The Americans do morale-boosting very well indeed. Watching the event live on Foxtel’s Fox News, it was difficult not to be impressed by the occasion — with the songs, music, military parade and flyovers.
Trump then focused on his political enemies — describing them as “the radical left, the Marxists, the anarchists, the looters and people who, in many instances, have absolutely no clue what they are doing”.
He added: “We will never allow an angry mob to tear down our statues, erase our history, indoctrinate our children or trample our freedoms.”
Needless to say, the Trump haters in the US found offence in his July 4 address. The editorial board of liberal (in the North American sense of the term) newspaper The Washington Post declared that “it should come as no surprise that President Trump has chosen to centre his re-election on appeals to racism and the demonisation of his opponents”. It added: “Mr Trump launched an unhinged attack on the movement for racial and social justice that has surged in the past month.”
CNN ran a similar line, declaring that Trump had “delivered another deeply divisive speech”. It claimed he had “again sought to deepen racial and cultural divisions in America rather than attempting to unify a country convulsed by the twin crises of a coronavirus pandemic and a sweeping reckoning on racism in America”.
In fact, Trump went out of his way to praise the contribution of African-Americans to the contemporary US. He mentioned the likes of Frederick Douglass, Martin Luther King Jr, Ella Fitzgerald, Harriet Tubman and Booker T. Washington. And he described David Dorn, a 28-year veteran of the St Louis Police Department “who was killed last month in the city he devoted his life to defending” as a “great man”. Dorn was a victim of rioters and looters in the aftermath of the tragic killing of George Floyd.
None of the Americans — black, brown or white — praised by Trump as “titans” are without stain, to use the biblical term. Like the rest of us, all have their faults. Consequently, all of their visages, one day, could fall victim to this or that mob proclaiming this or that ideology — unless a latter-day Trump seeks to defend the historical recognition of successful men and women who went before us.
In the period before the pandemic-induced recession, blacks in the US were experiencing the highest level of employment and the lowest level of unemployment in recent memory.

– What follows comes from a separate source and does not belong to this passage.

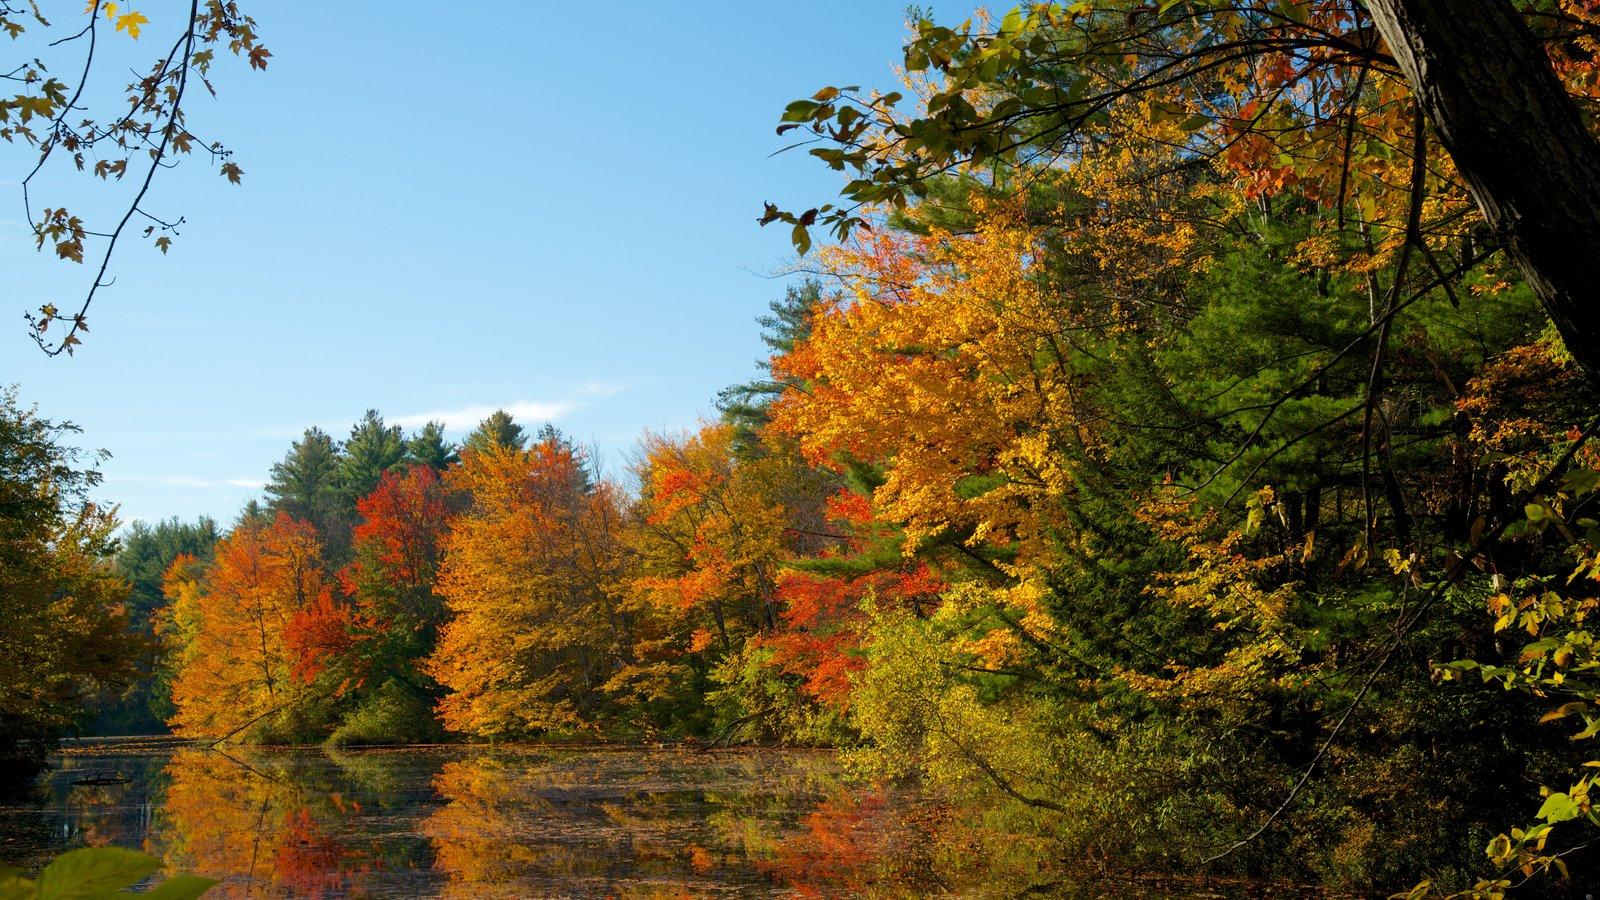 Conway que inclui um jardim, folhas de outono e um rio ou córrego

Moreover, the Trump administration got the First Step Act passed through the US congress in 2018. It freed many federal prisoners — mostly blacks — who were serving long prison terms for relatively small crimes. Such reform was not achieved during the administrations of Democratic presidents Barack Obama and Bill Clinton.

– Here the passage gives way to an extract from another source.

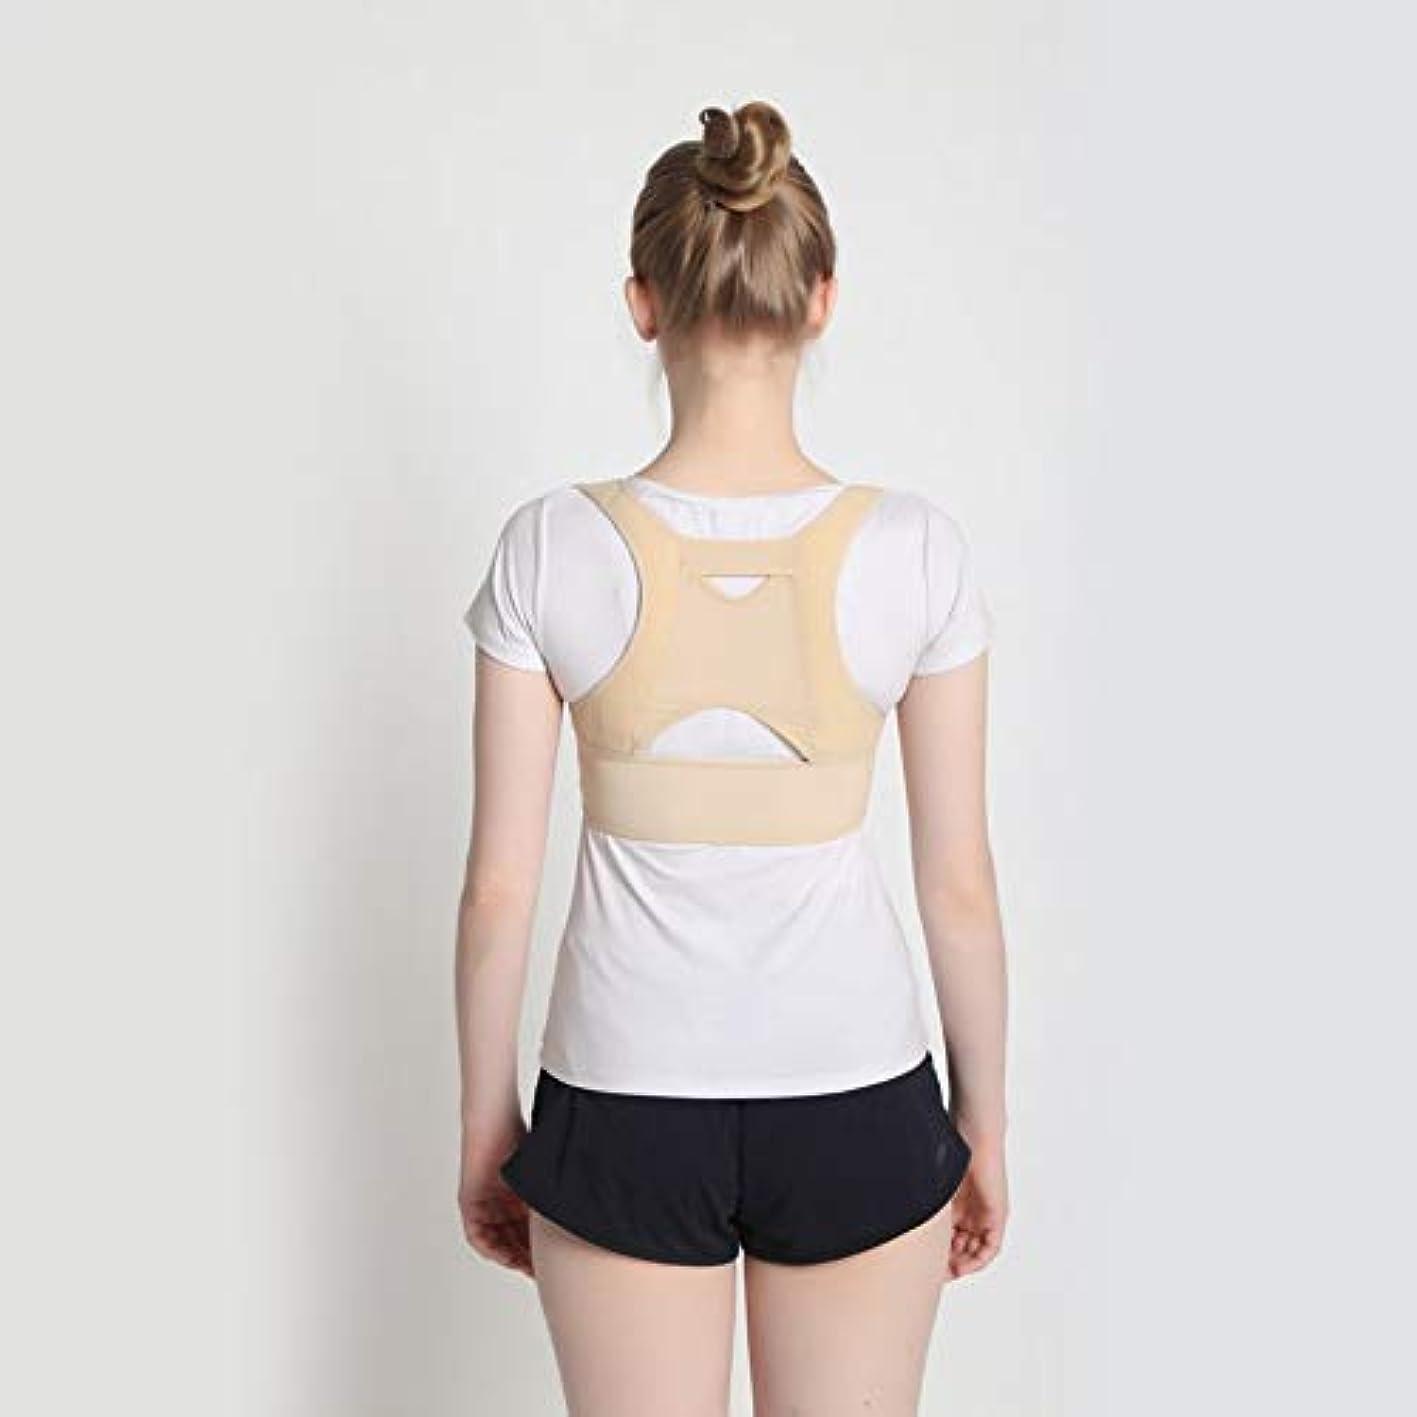 エンターテインメントハブ神秘的な通気性のある女性の背中の姿勢矯正コルセット整形外科の肩の背骨の背骨の姿勢矯正腰椎サポート

Like individuals, nations have historical and contemporary faults. Trump’s position is to focus on the positive. Not so the Duke and Duchess of Sussex, of “call us Harry and Meghan” fame.
Last week the couple used the occasion of a dial-in to the Queen’s Commonwealth Trust weekly video to accentuate the negative. Harry called on the organisation, which is presided over by his grandmother, the Queen, to acknowledge its “uncomfortable” past with respect to racism. Meghan said much the same. Neither seem aware that the Commonwealth of Nations founded in 1949 was not compulsory to join.

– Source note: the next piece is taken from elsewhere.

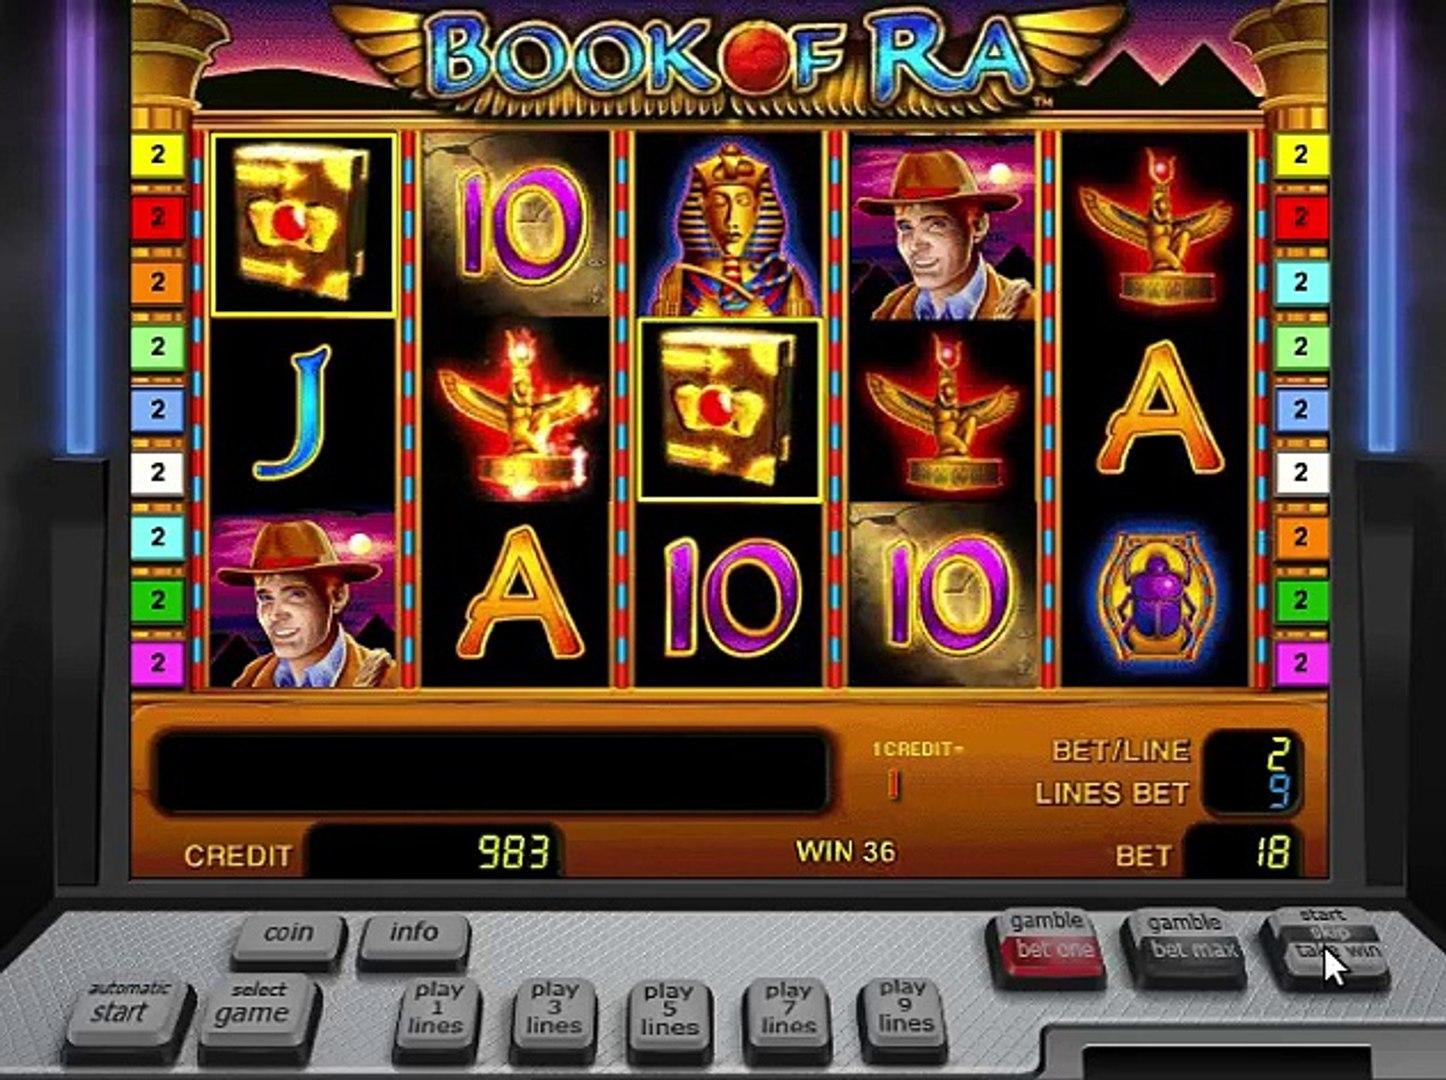 I игровые автоматы книги играть бесплатно онлайн без регистрации xbet официальный сайт игровые автоматы 1

The Sussexes seem to equate the one-time British Empire with the Commonwealth of Nations. Even if the two are put together, it makes no sense to see nothing but discomfort in the achievements of Britain in recent centuries both at home and abroad.
No nation is perfect. But only the alienated and revolutionaries want to overturn democracies in search of a utopia which, due to the fall, can never be attained.